Anna-Marie Gron, a retired professor and research orthodontist at Harvard University and The Forsyth Institute, Boston, died on April 9, 2010, of complications of multiple myeloma at her home in Conway, Arkansas. She was 81. In her now-classic research studies, Dr Gron contributed significantly to the understanding of tooth emergence and osseous development as applied to the facial growth patterns of children.
She was born Anna-Marie Kondrup in Aarhus, Denmark, on September 25, 1928, and grew up in Tonder on the Danish-German border, where her early life was shaped by the German occupation during World War II. She earned her degree in dentistry in 1952 from the Royal Dental College in Copenhagen and, 2 years later, married Poul Gron, a Danish dentist. They came to Boston soon afterward, and both became interns and then research fellows at the Forsyth Dental Infirmary for Children, now known as The Forsyth Institute. Anna-Marie specialized in orthodontics. Her positive experience at Forsyth changed the direction of her life. She and Poul decided to remain in the United States.
In 1959, after her residency in orthodontics, Dr Gron was awarded a faculty appointment at Forsyth.
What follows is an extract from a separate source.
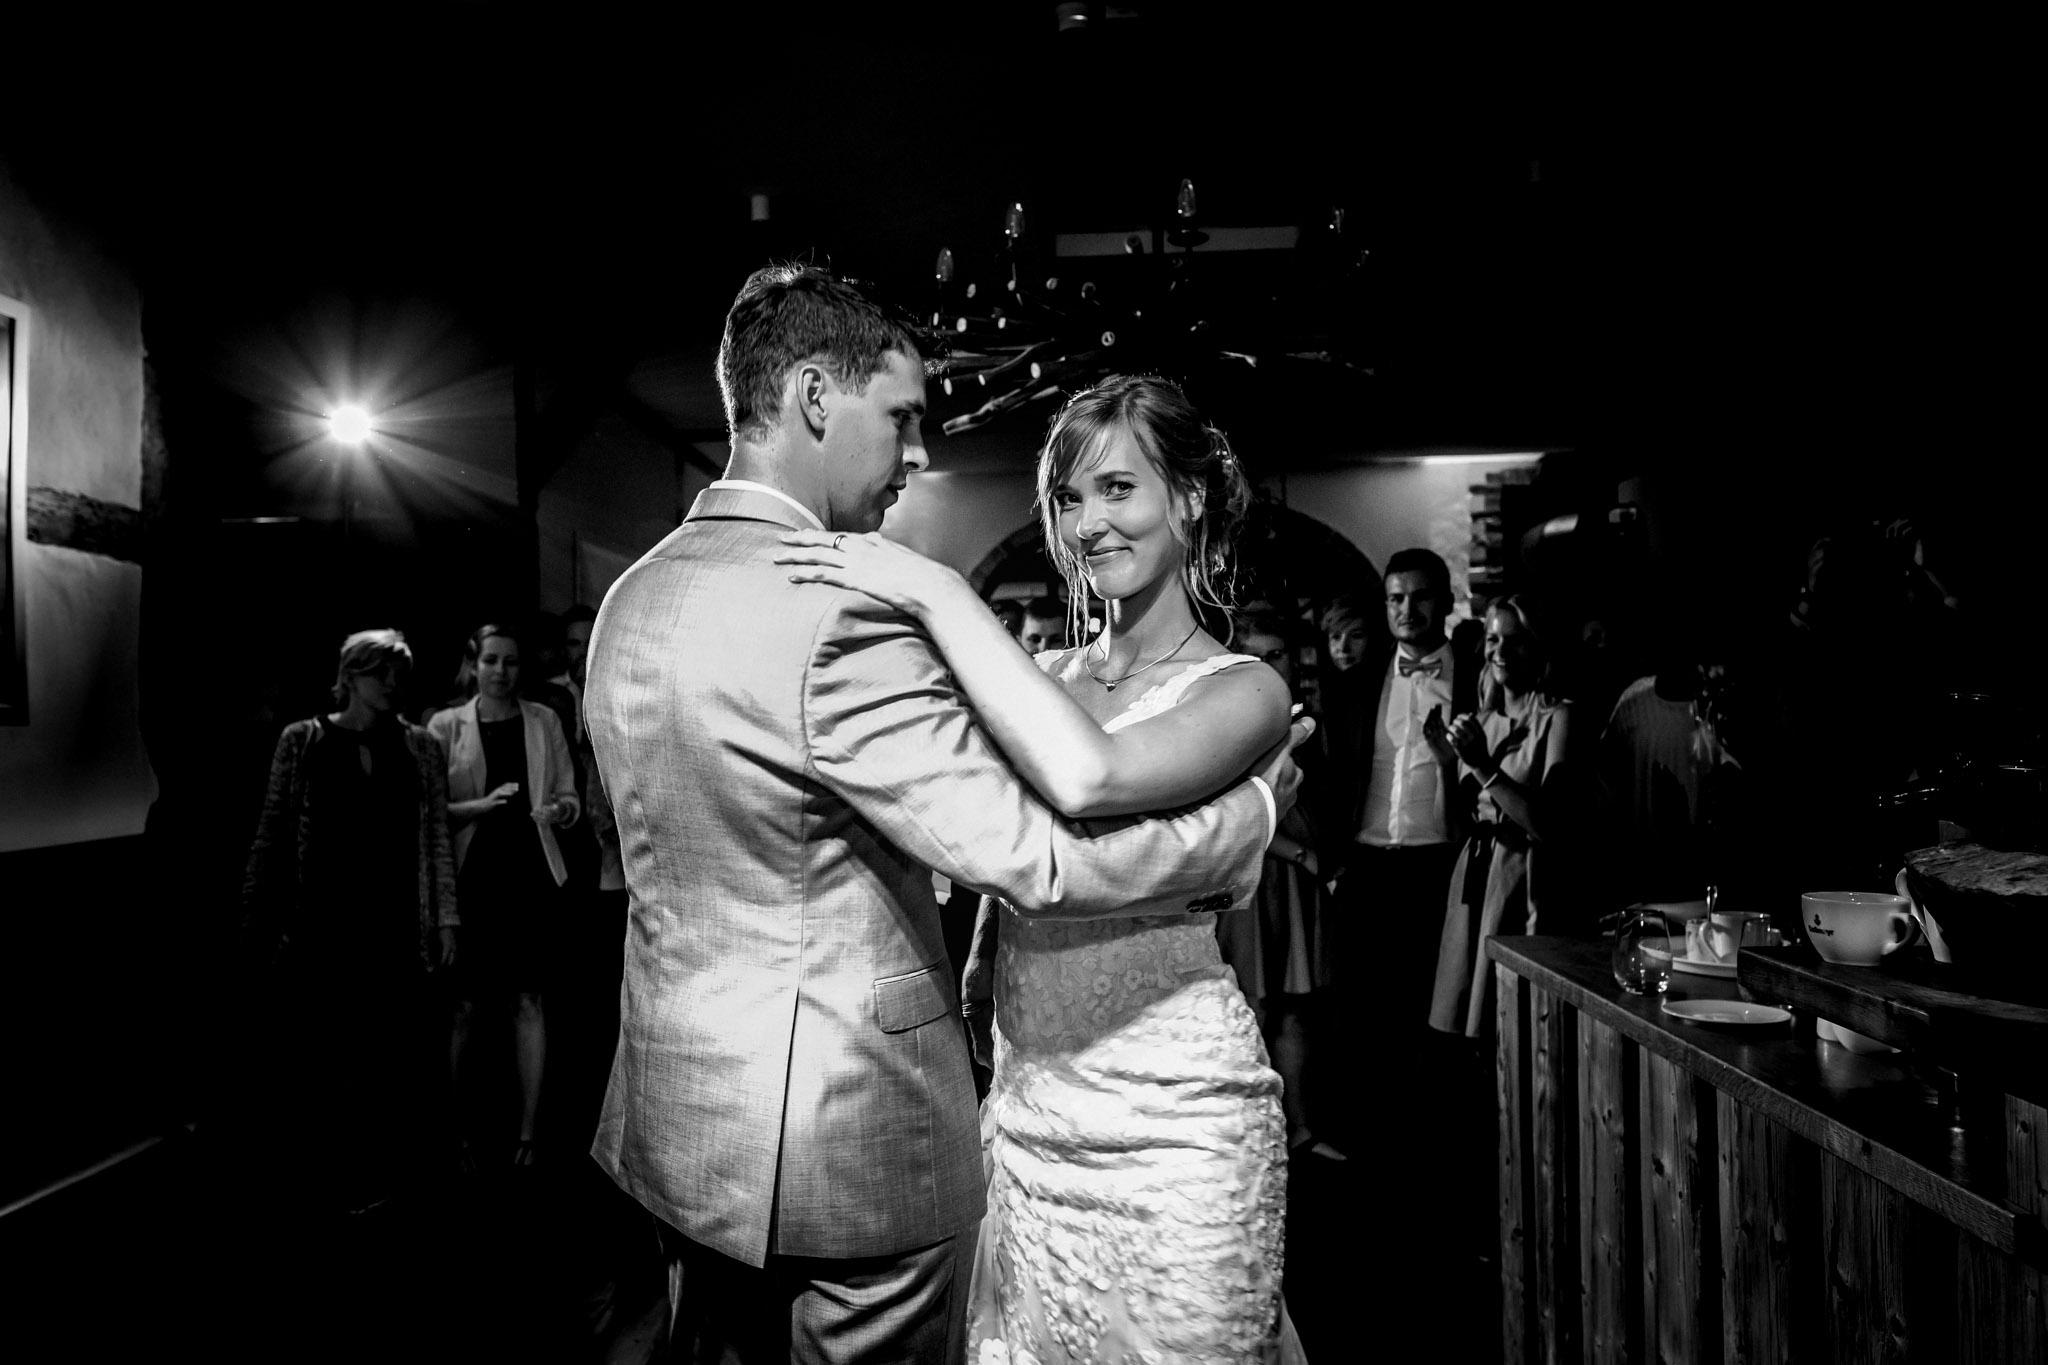 Sven Schomburg Hochzeitsfotografie, Hamburg, Mölln, Hochzeitsfieber by Photo-Schomburg, Hochzeitsreportage, Forsthaus Waldhusen, Braut, Bräutigam-91

During that era, professional life was not particularly easy for a woman in the medical and dental specialties in the United States, compared with the equalities in Anna-Marie’s native Denmark and much of Europe. Dr Gron told her family that, when she attended professional meetings around the United States, she was often the only woman there, with the exception of wives of other doctors. Anna-Marie Gron, a trailblazer for women in orthodontics in America, overcame barriers to her career with her characteristic quiet dignity and “a backbone of steel,” colleagues said. Her daughter Anne recalled that, when her mother was pregnant in 1960, Harvard officials terminated her Forsyth appointment, although she eventually returned. Her daughter related a telling incident that happened about a year after her mother’s forced academic withdrawal at Forsyth. “Another female professional at Forsyth became pregnant,” Anne said. “Her boss called our mother’s former boss to ask for advice,” she said. “He asked, “Should I fire her?” and the prompt response came, “No! No! You cannot do that. You have no idea how much trouble that causes.”
As a research associate at Forsyth and Harvard, Anna-Marie Gron immediately became a key investigator in a 2-decades-long study of the growth and dental development in identical and fraternal twins. She and her coworkers, Coenraad F. A. Moorrees, the study’s principal investigator, and Laure Lebret, enlisted twins from several mothers of twins associations in the Boston suburbs. She concentrated on this important project for nearly 20 years, annually constructing orthodontic diagnostic records and collecting anthropometric data related to the facial and somatic growth and dental development on over 400 twin pairs and their families. For most, complete longitudinal records from ages 6 to 16 years were assembled. In many cases, records for parents and nontwin siblings were included. The Forsyth Twin Sample stands today as the largest biological database of its kind in the world. Such growth studies are invaluable in the discovery of predictors of abnormalities and new cause-and-effect associations. Today, such longitudinal samples are nearly impossible to duplicate because of institutional restrictions on human research. The 3 principals in this remarkable research undertaking are gone now: Dr Moorrees died in 2003 and Dr Lebret in 2009. With Dr Gron’s death, we witness the passing of the last of the inspiring, visionary research orthodontists at Harvard University and Forsyth.
In 1969, Anna-Marie Gron was awarded a Doctor of Dental Medicine degree from Harvard. She earned election as an active member of the Edward H. Angle Society of Orthodontists (Eastern Component) in 1982, the first woman to achieve that distinction since the 1930s. She spent the remainder of her professional career as an Associate Professor of Orthodontics at Harvard with a concurrent faculty appointment at Forsyth, until she retired in 1990. During her academic years, Anna-Marie authored several seminal research articles of continued use to orthodontists and other specialists in need of pediatric skeletal and dental growth guidelines. In addition, she was a prized teacher to dozens of orthodontic residents. One of her early students and colleagues, Dr Jack Dale of Toronto, remembered Dr Gron the teacher fondly, “She always helped direct postgraduate studies along useful lines of research. She gave freely of her skills to her students.”
Anna-Marie and Poul Gron lived and traveled the world together for 53 years until his death in 2007. She is survived by her sister, Beth of Odense, Denmark; 2 daughters, Liz Gron of Conway, Arkansas, and Anne Gron of Chicago, Illinois; and 5 grandchildren, Erik and Bryan Urban of Conway, and Michael, Emma, and Sarah Polson of Chicago.